2. The microscopic structure segmentation method for freeze-thaw damage of hydraulic concrete according to claim 1, wherein The concrete microstructure includes aggregate phase, mortar phase, and pore / crack phase.
3. The microscopic structure segmentation method for freeze-thaw damage of hydraulic concrete according to claim 2, characterized in that Input the two-dimensional CT images of the concrete with the same number of freeze-thaw cycles into the concrete microstructure segmentation model to obtain the aggregate phase, mortar phase, and pore / crack phase of the concrete with this number of freeze-thaw cycles.
4. The method for segmenting the microstructure of freeze-thaw damaged hydraulic concrete according to claim 3, characterized in that, Stack the aggregate phase, mortar phase, and pore / crack phase of the concrete with the same number of freeze-thaw cycles in sequence to obtain three-dimensional images of the aggregate phase, mortar phase, and pore / crack phase of the concrete.

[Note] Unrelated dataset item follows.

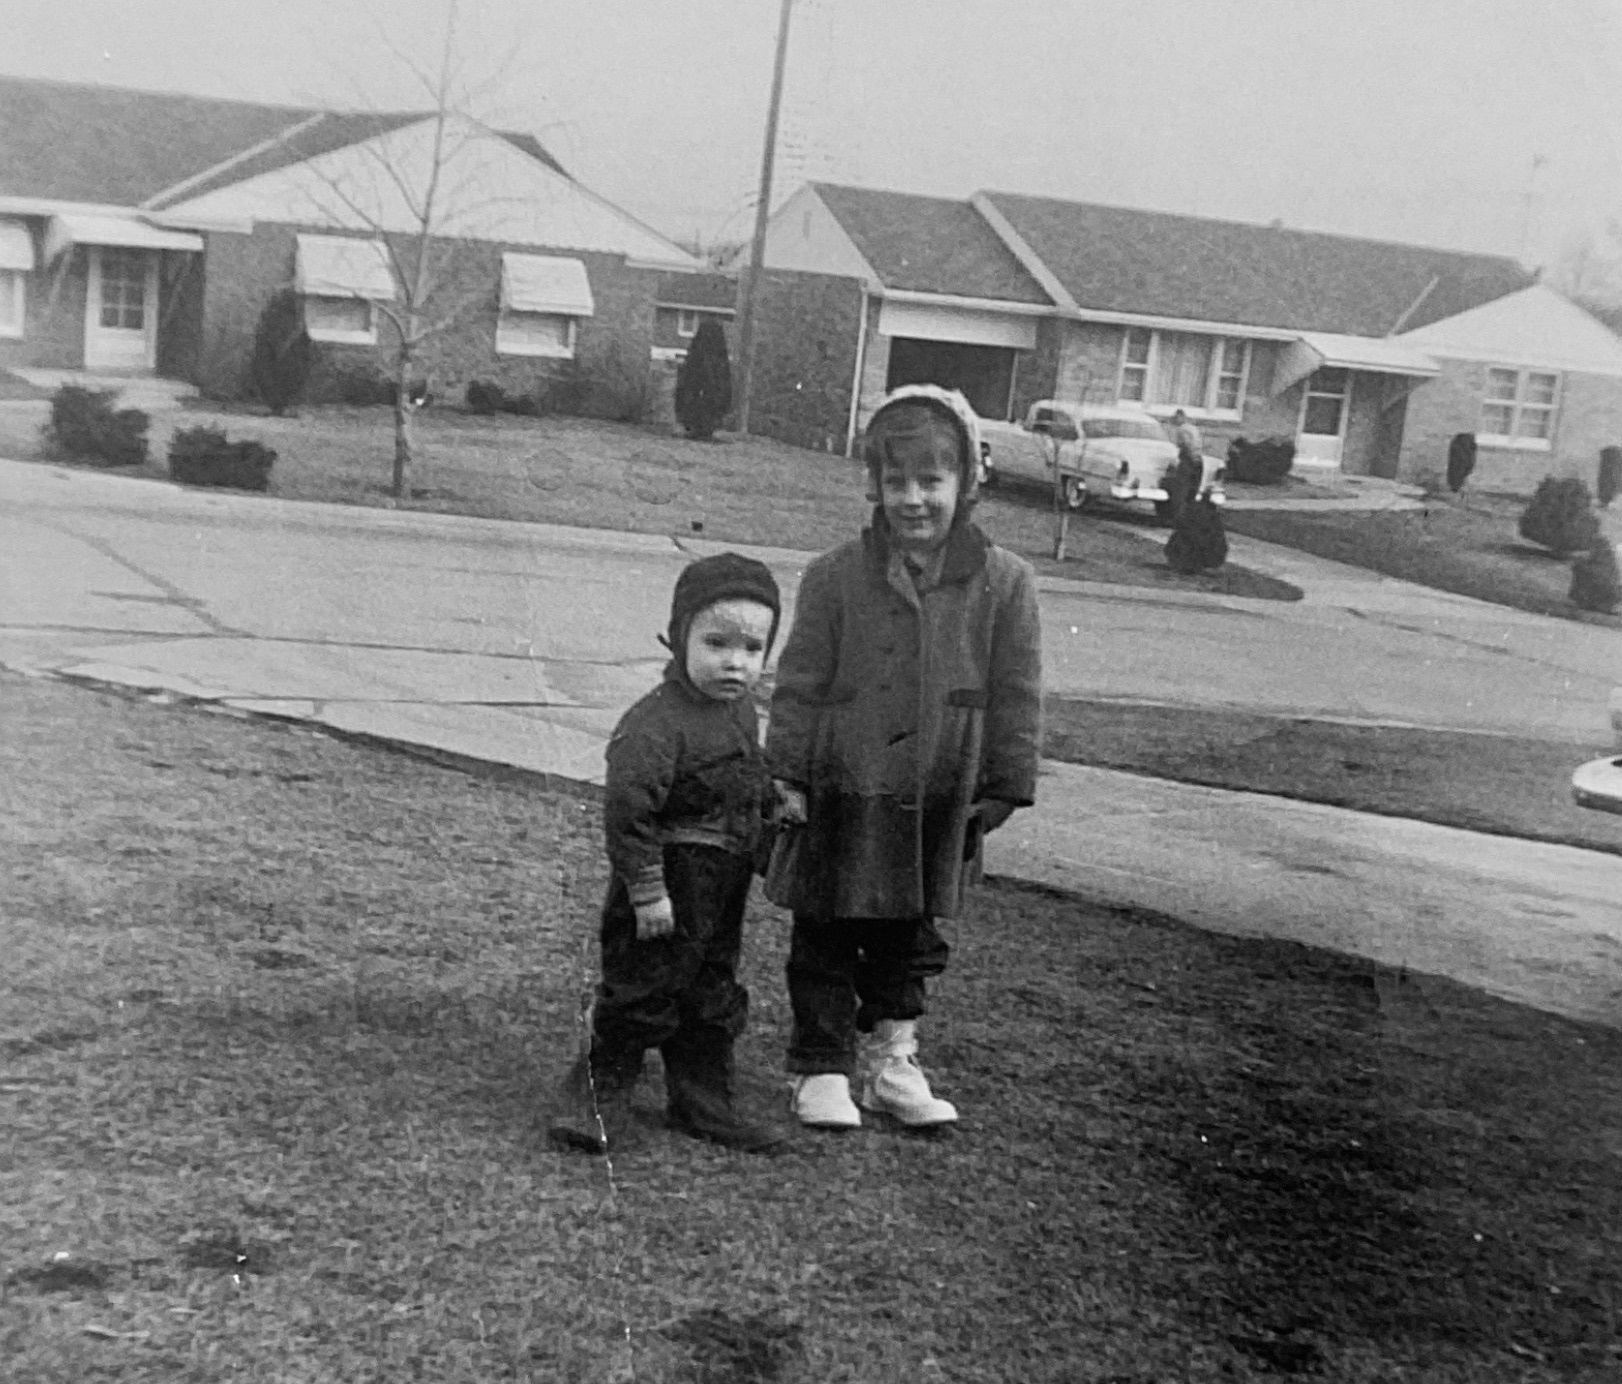 Patti Lingenfelter and her nephew, Lil Danny. In the background are two classic Hathaway Hills brick homes with awnings and one-car garages on Filibert Drive. LINGENFELTER FAMILY COLLECTION

5. The microscopic structure segmentation method for freeze-thaw damage of hydraulic concrete according to claim 4, wherein Analyze the evolution process of the concrete microstructure after freeze-thaw damage based on the three-dimensional images of the aggregate phase, mortar phase, and pore / crack phase of the concrete with different numbers of freeze-thaw cycles.
6. The method for segmenting the microstructure of freeze-thaw damaged hydraulic concrete according to any one of claims 1-5, characterized in that, In S2, the median filtering method is used to denoise the two-dimensional CT images of the concrete, and the denoised images are binarized.
7. The method for segmenting the microstructure of frost-thaw damage of hydraulic concrete according to any one of claims 1-5, characterized in that, In S3, the Adam algorithm is used to optimize the concrete microstructure segmentation model; k-Fold cross-validation is used to evaluate the concrete microstructure segmentation model.
8. An electronic device, characterized in that, It includes: One or more processors; A memory on which one or more programs are stored. When the one or more programs are executed by the one or more processors, the one or more processors are caused to implement the steps of the method according to any one of claims 1-7.
9. A computer-readable storage medium, characterized in that, It stores a computer program which, when executed by a processor, implements the steps of the method according to any one of claims 1-7.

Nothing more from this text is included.